══ Data excerpts
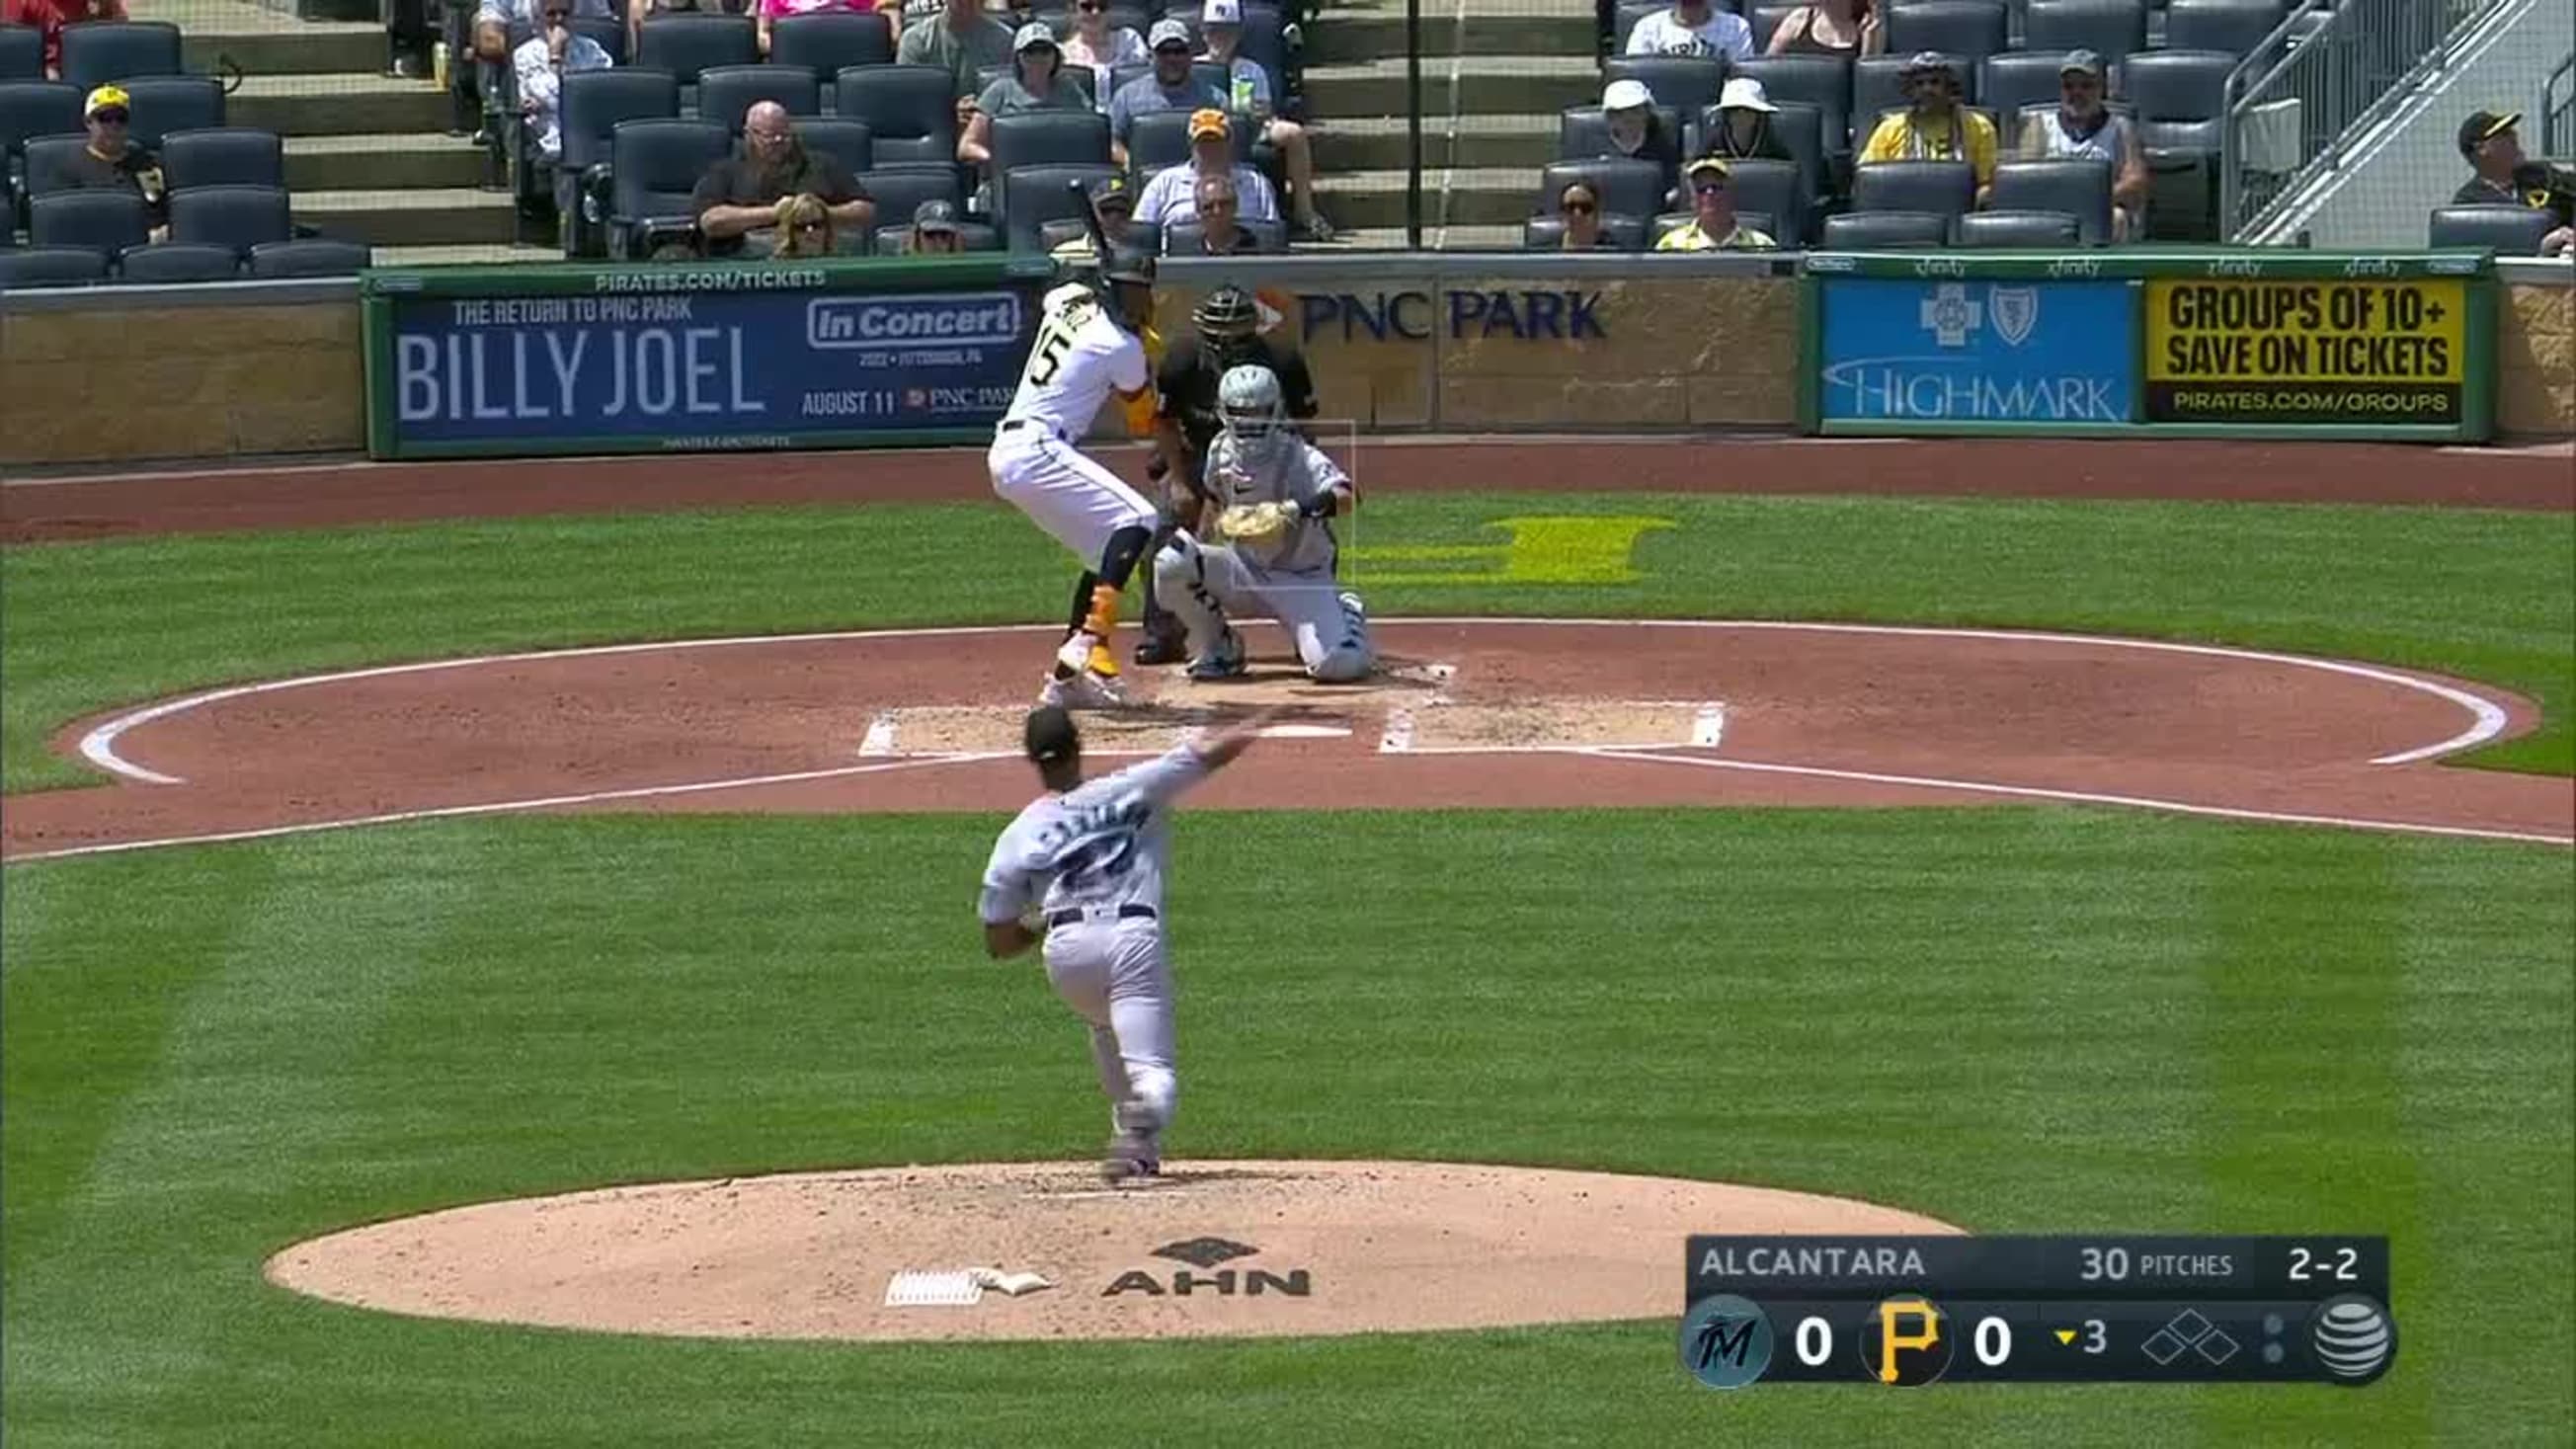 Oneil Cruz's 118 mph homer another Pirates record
════
══ Data excerpts
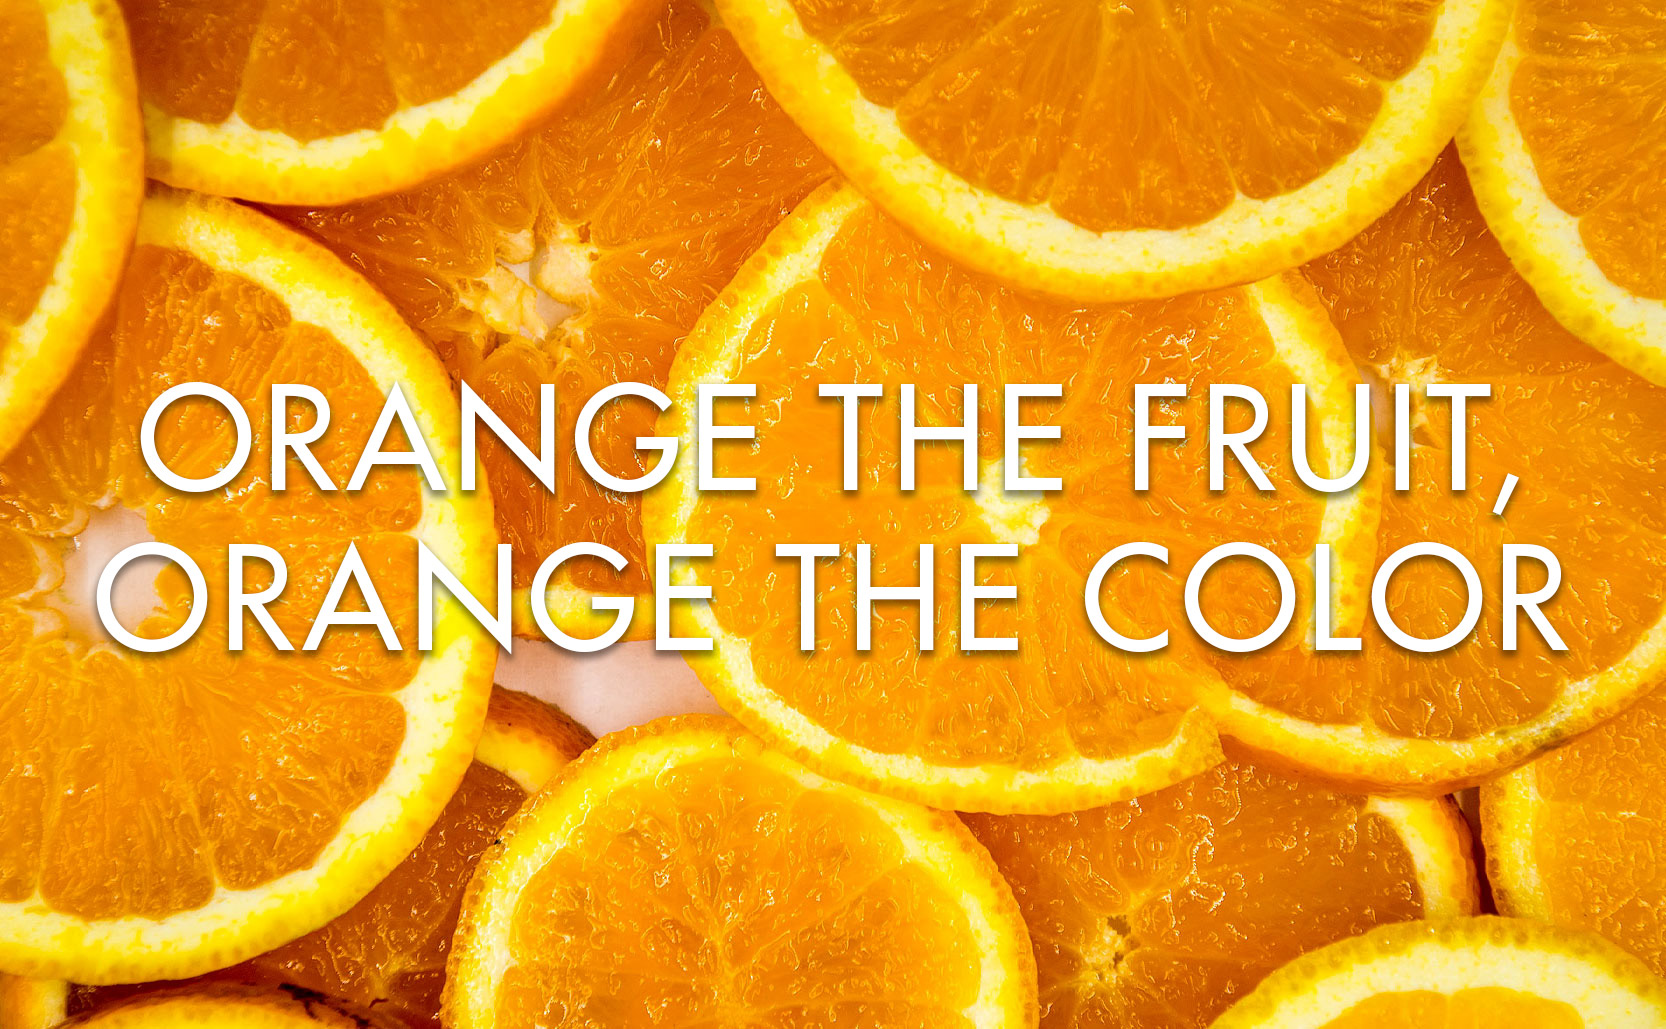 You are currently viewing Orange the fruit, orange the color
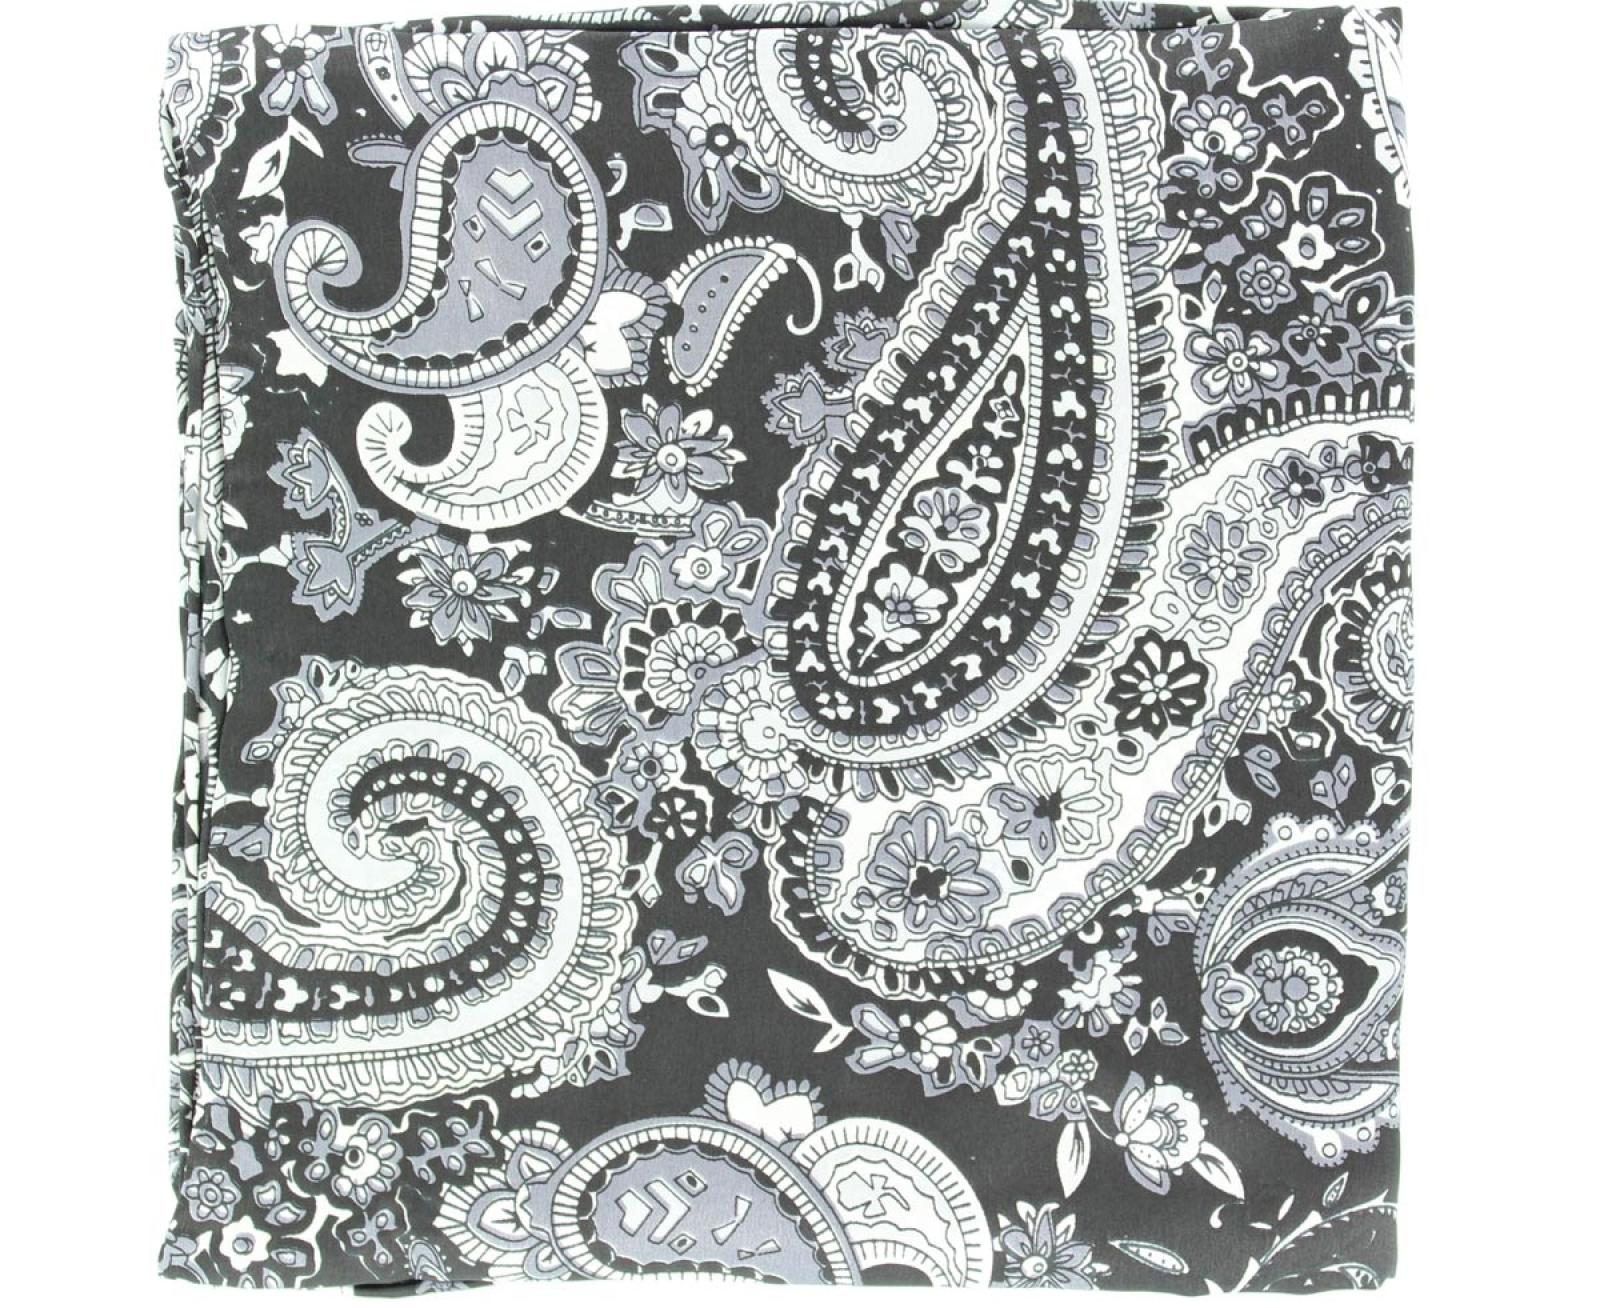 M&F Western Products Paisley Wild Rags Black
════
══ Data excerpts
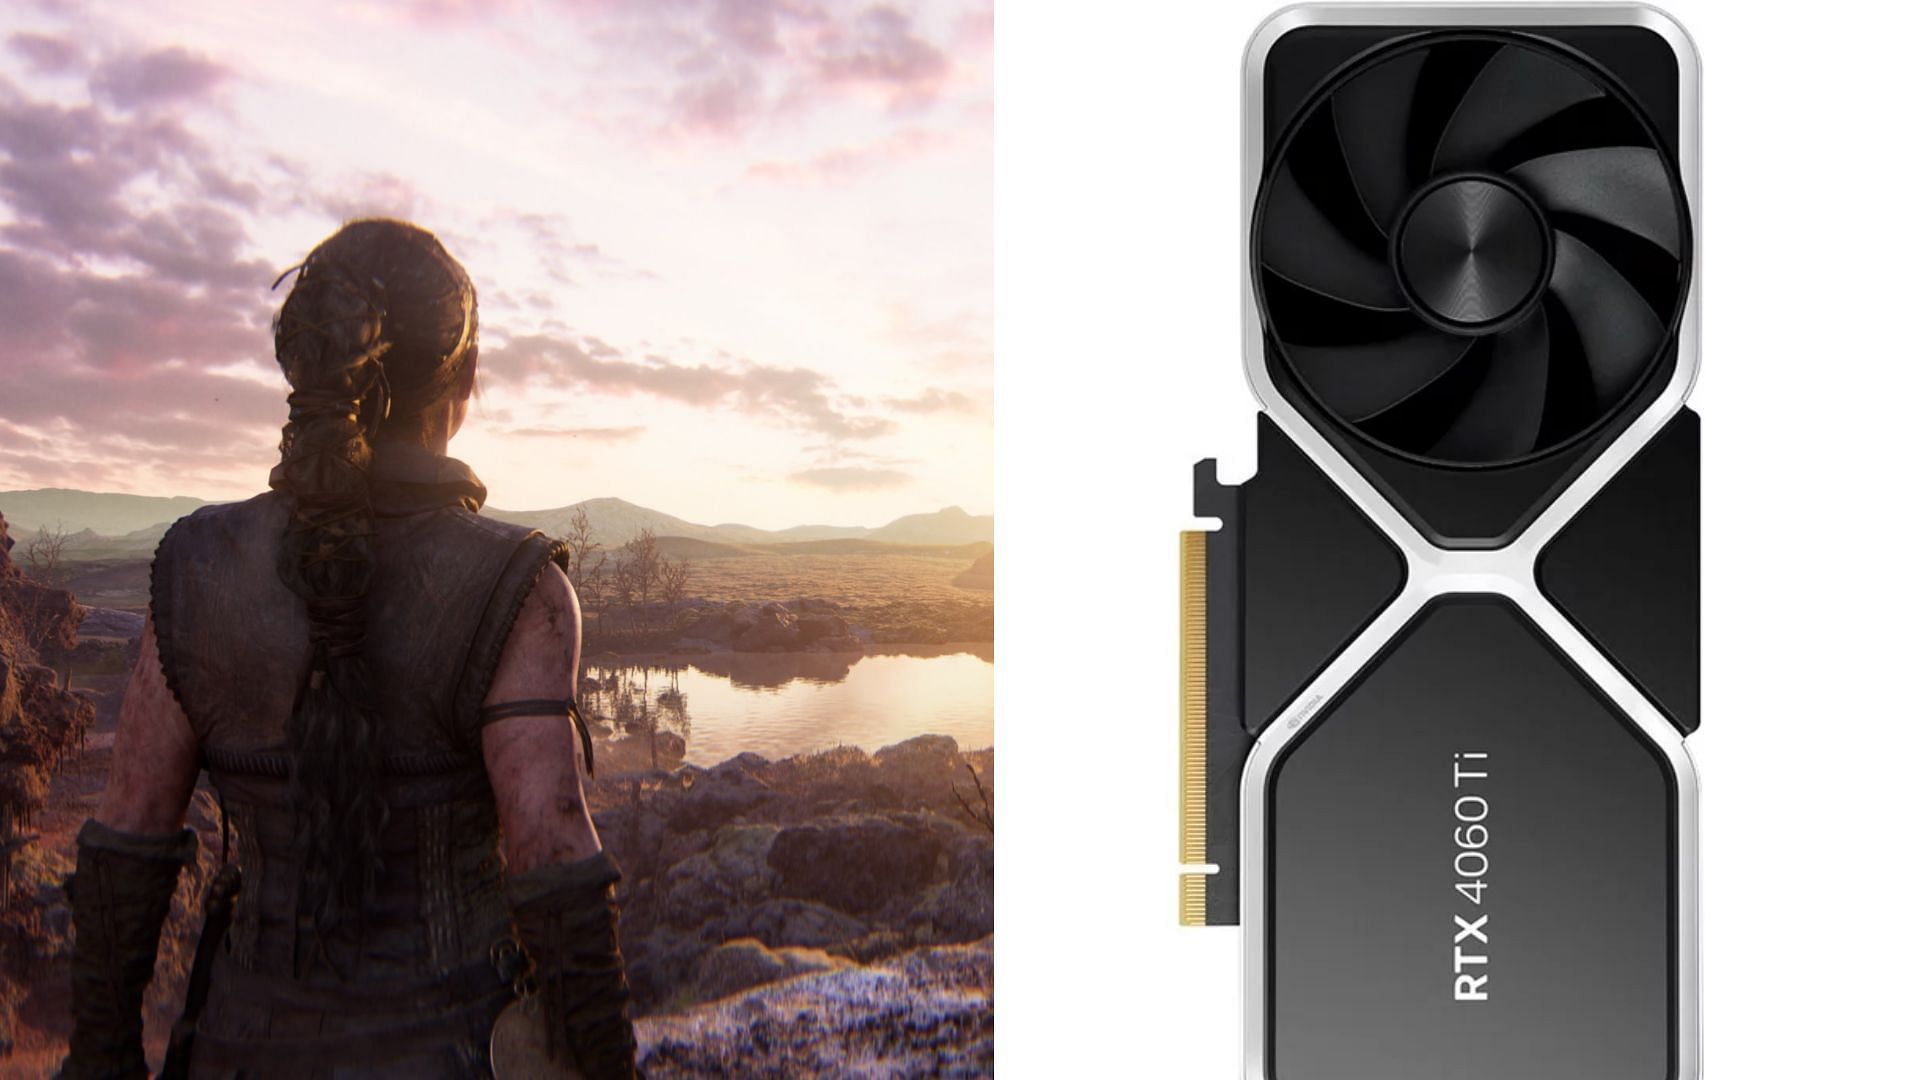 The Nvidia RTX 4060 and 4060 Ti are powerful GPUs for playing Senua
════
● To do: Copy back exactly the lines above from the one containing "You are currently" through the one containing "M&F Western Products Paisley Wild Rags Black", and leave every picture behind.

● Output below:
 You are currently viewing Orange the fruit, orange the color
 M&F Western Products Paisley Wild Rags Black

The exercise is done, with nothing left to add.